Mr Justice Haddon-Cave said “The sentencing starting point for a murder committed by a child was 12 years’ detention.” He pointed out that their case was “substantially aggravated” by the fact that it was a double murder, that their victims were asleep and must have “suffered terribly” in the moments before their deaths.
Had they been adults, he said, “you may have been facing the whole of your lives in prison”. He added: “I sentence you as children, which you are. I sentence you in hope for you and society, rather than expectation of failure.”
Summing up the case before he delivered his verdict, the judge said the teenagers had met at school and started a relationship 12 months earlier. They had quickly become obsessed with each other, he said, and the relationship became sexual. Both had troubled upbringings, which the judge said he had considered in mitigation.
They had hatched a “half-hearted plan” to kill themselves by taking an overdose after the murders, he said, “but [the girl] decided she didn’t feel like it”. Instead, they opted to watch another Twilight film.

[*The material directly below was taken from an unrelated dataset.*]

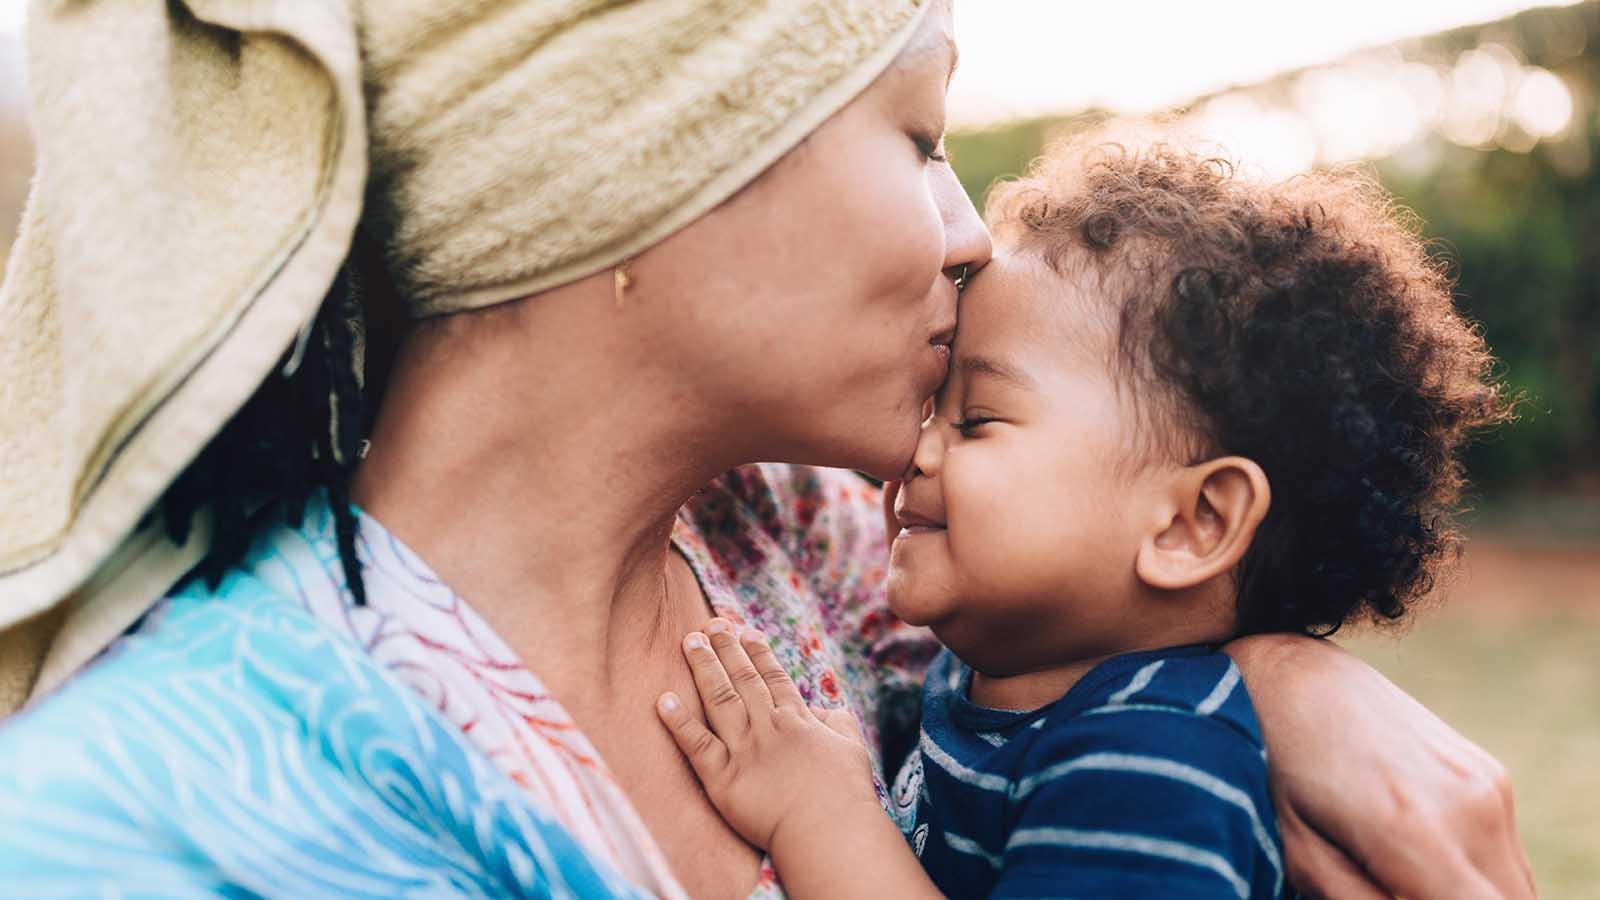 Mutter mit ihrem Kind, das mithilfe von Spendersamen gezeugt wurde

Karen Thompson, deputy chief crown prosecutor at CPS East Midlands, called the murders “one of the most distressing and disturbing cases that I have ever encountered”. Speaking outside the court after the sentencing, she said: “Our deepest sympathies are now with the extended family and friends of Elizabeth and Katie Edwards as they attempt to come to terms with this horrific crime.”
DCI Martin Holvey, of the East Midlands major crime unit, said: “This has been a rare and unprecedented case and everybody who has listened to the details as they have emerged throughout the trial will, I am sure, have felt the same sense of shock and disbelief.
“The planning that went into the brutal murders of Elizabeth and Katie as they slept in their beds was cold, ruthless and chilling, as was the lack of remorse shown by the two juveniles afterwards.”